Money and quicken (i've used both) can be good and bad.

Depending on which banks and investment firms, the updating can be a click of a button or a fairly lengthy process. I use an old east coast credit union that used to be part of my company; company died but the credit union lives on. They dont allow direct quicken or money downloads, you have to open quicken, go to the bank web site, pull up account history, and click a button to make it get vacuumed up into quicken.

Some problems I had with it, and I'm sure they're solutions to them but I hit the wall with "this is taking more time to do than its saving me or offset by quality information".

- Many vanguard admiral funds internal information is not available or incorrect. For example the Wellesley fund I have shows its asset allocation as 100% "other", and the historic distribution information is not accurate. I've entered the asset allocation information manually, but periodically it gets reset.

- My former brokerage (ameritrade) didnt report dividends paid out correctly, instead it told quicken that a $3000 dividend payout in cash was a zero dollar dividend reinvestment. This was more ameritrades fault than quickens, but neither was much interested in resolving the problem. In fact quicken never even answered any of my emails. This caused me to have to refile a tax return when I fed quicken to turbotax and a single large dividend payment at the end of the tax year was recorded as zero. After that, obviously I didnt feel I could trust any accounting or tax software without analyzing each piece of information a line at a time. Which sort of makes them not very useful, at least to me.

- Monies moving between accounts at different institutions are problematic. If I do an EFT of 10k from vanguard to my credit union, each institution reports this as an unlinked transaction...one has 10k beaming out to oblivion, the other has 10k beaming in. I can manually correct this by changing each transaction in quicken to be an inter-account transfer, but the very next time I link up and download transaction histories I end up with the withdrawal from one and the deposit in the other re-entered, creating double entries...the 'proper' transfer one and the two distinct transfers. Failure to fix the original lack of interlinking the transactions causes inaccuracies in balances.

- Holdings of accounts arent always right. Even now that I'm 100% vanguard on my investments, after a month or so I'll notice that what vanguard reports as number of shares in a fund differs from what quicken thinks, and I'll always find some small gaffe and have to correct the transaction. And as above sometimes the correction can be undone by the next download.

So my summary is that the software is useful if you

- Have an account with a company that provides high quality linked quicken data rather than downloads, or you're willing to change financial institutions to one that does.
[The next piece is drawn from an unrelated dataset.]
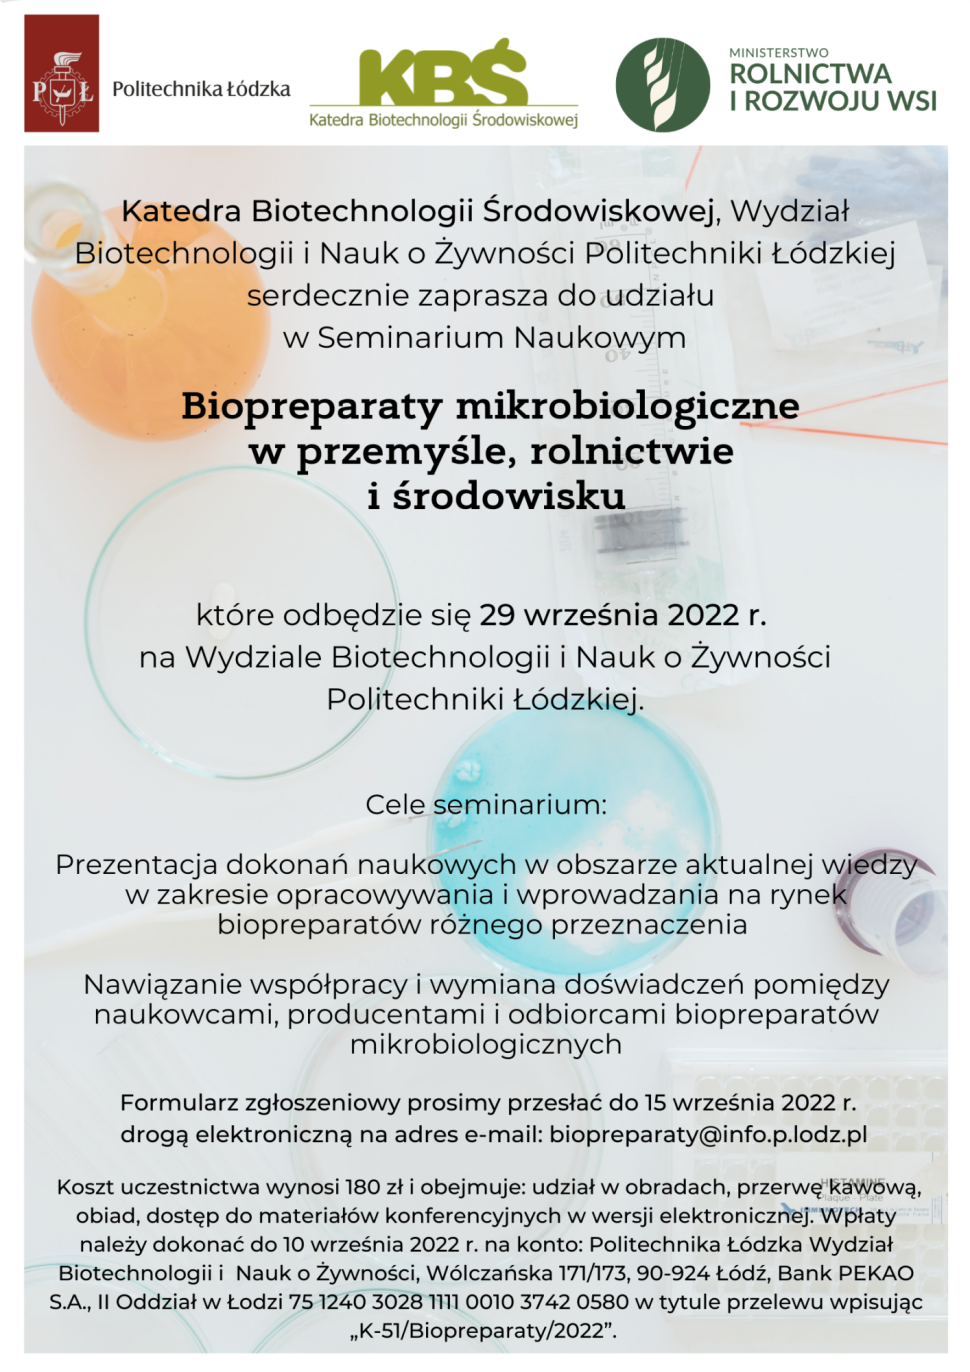 Seminarium Naukowe "Biopreparaty mikrobiologiczne w przemyśle, rolnictwie i środowisku”
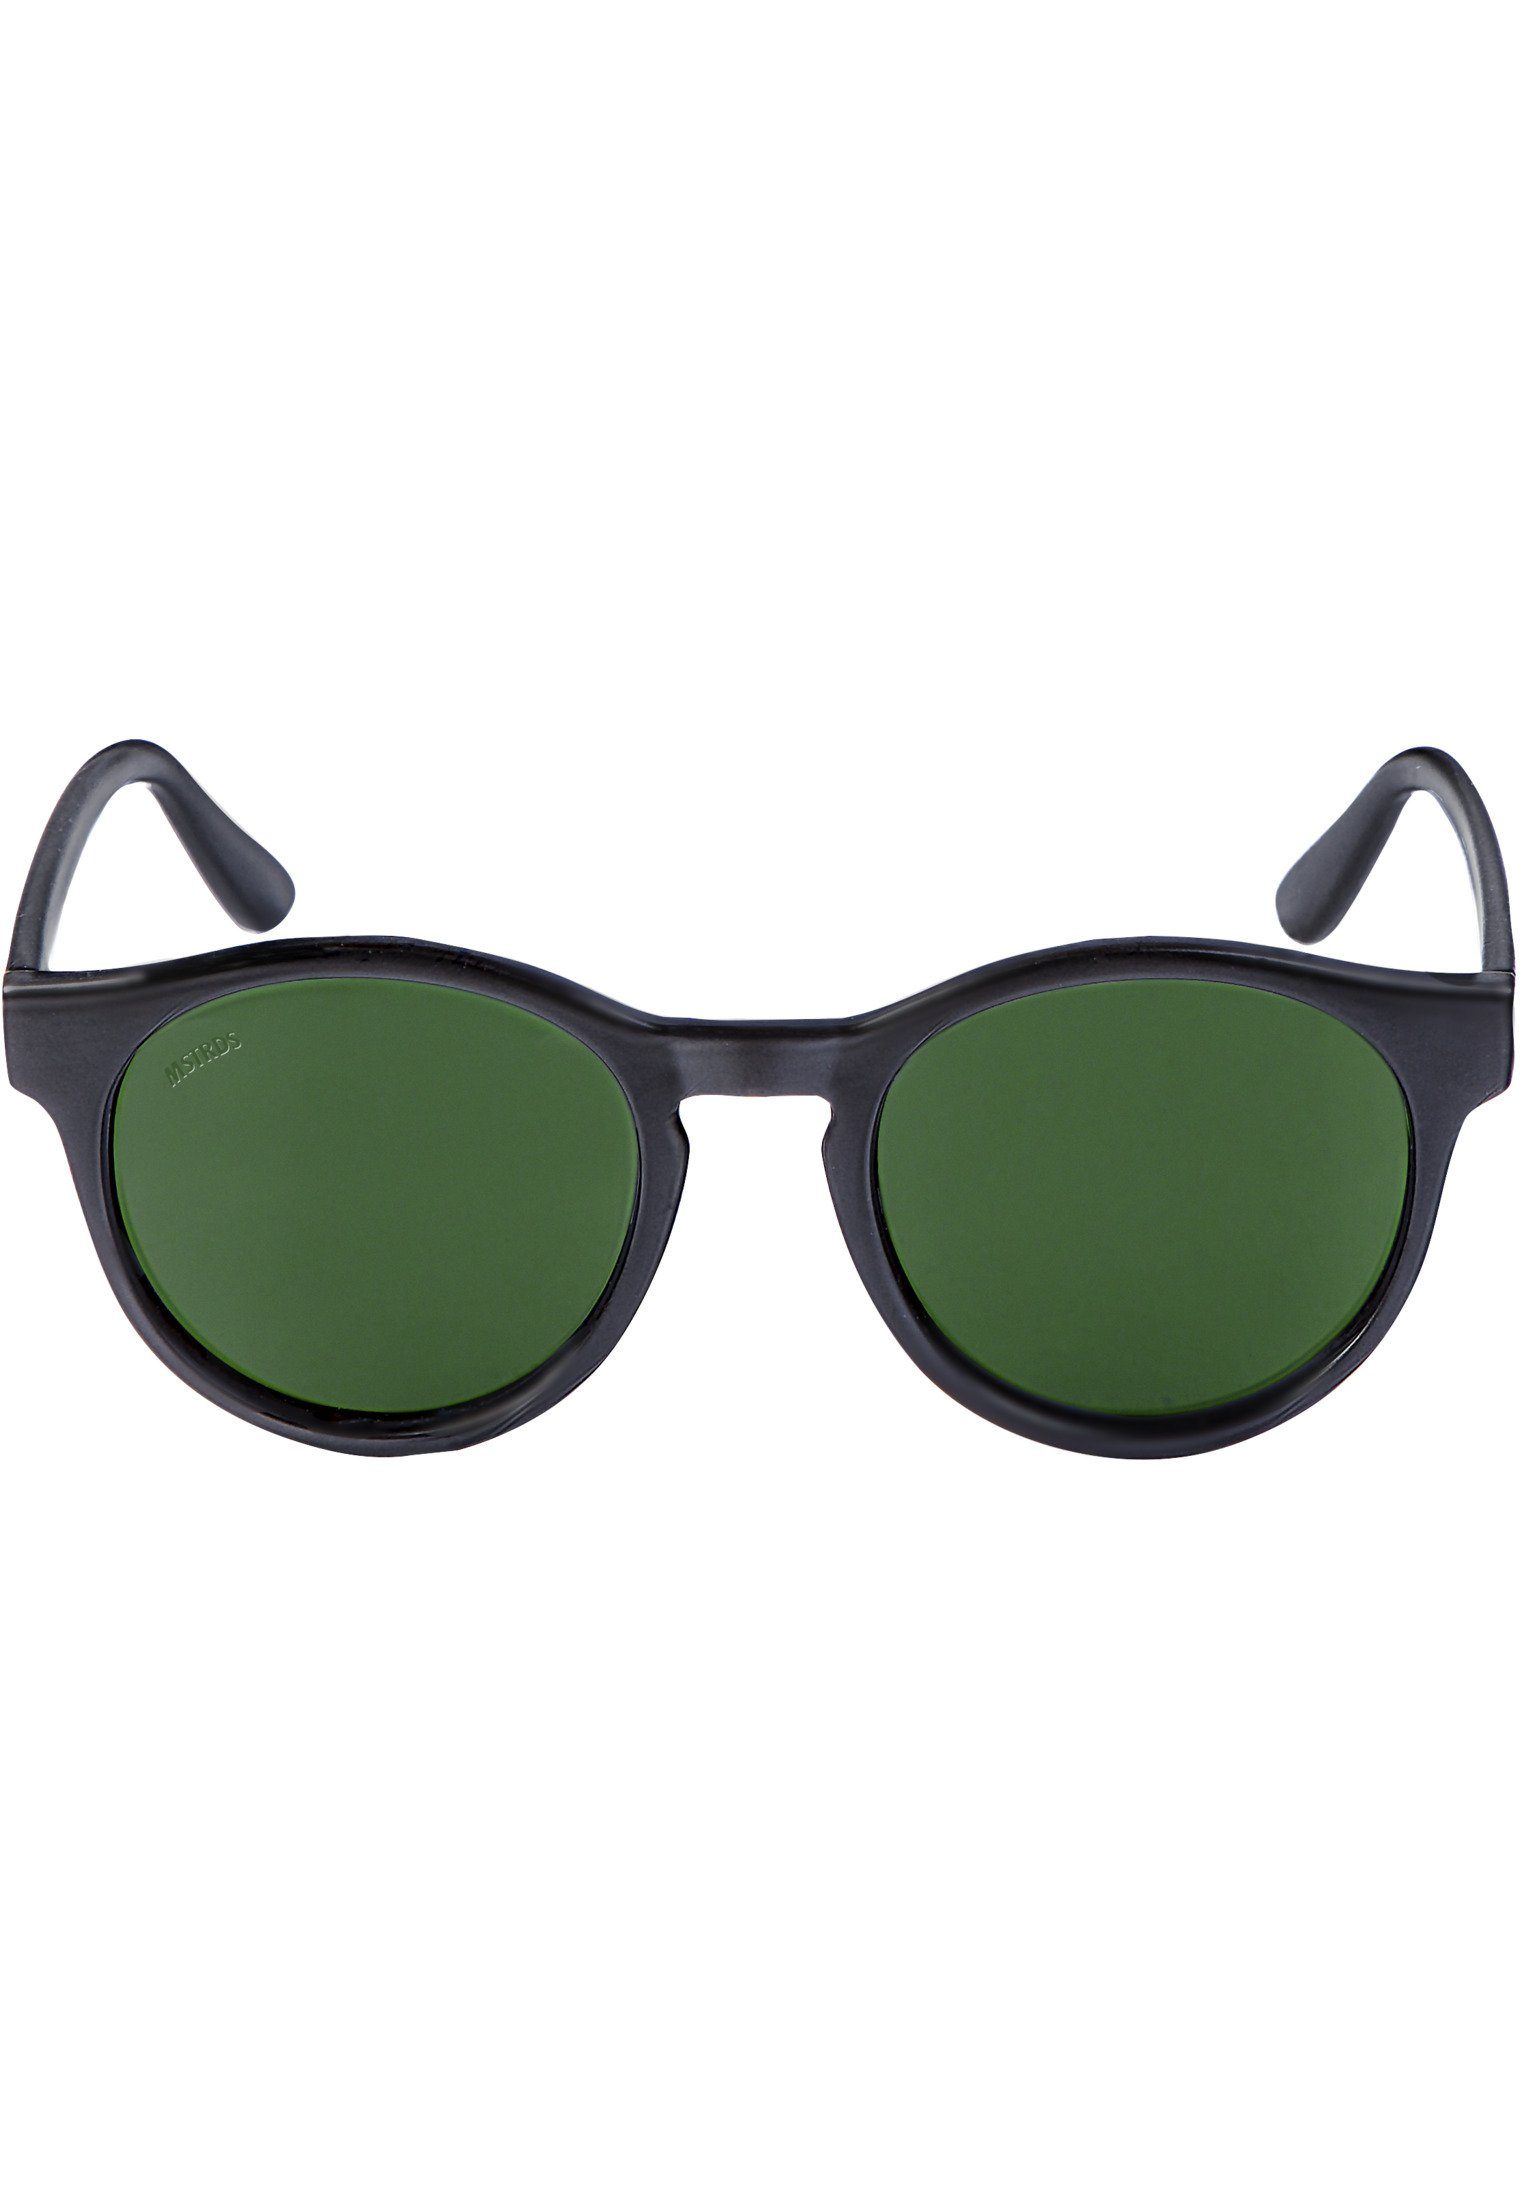 Accessoires Sunglasses Sunrise blk/grn Sonnenbrille MSTRDS

Quicken offers brokerage, credit cards and banking and I'm not sure if they're focus on their own causes small 'problems' with others, or if the lack of attention to non-quicken financial entities is intentional to gently drive you into their services when you get sick of little this and that problems.

- Ideally you have everything...checking, savings, money market, investments, credit cards, etc with the same linked institution. Very ideally quickens own.

- You're willing to put some time into categorizing, correcting or at least looking over what quicken *thinks* has happened to make sure a mistake or unlinked transaction set hasnt occurred.

I'd probably prefer that instead of spinning out a new version every freakin' year that is only marginally better than the year before, that they work to resolve some of these problems. Because I think they're largely resolvable. A nice toolkit and support for banks and financial institutions to make linkage a no-brainer. Looking for same dollar transactions that happen withing a day or two of another between institutions, asking if they're linked, and doing so internally to keep balances correct. Working with other financial institutions to quickly resolve small discrepancies and bugs.

As of now, I'd rather not spend several hours a week in this direction. All my investments are at vanguard, all my other financial stuff is at my credit union. Simple for tax time. I spent a few hours putting together a strawman budget and just eyeballing it I can see that I was as conservative as I thought with it and that my spending is in line. I'm not sure I need any more information than that.

My ex girlfriend was a double analytical though, and she spent an hour a day with a fistfull of receipts, entering and categorizing, downloading and verifying, balancing and correcting. She felt very good in being able to chart how much cat food her cats ate month by month, subdivided into canned and dry. Some folks heads just work that way.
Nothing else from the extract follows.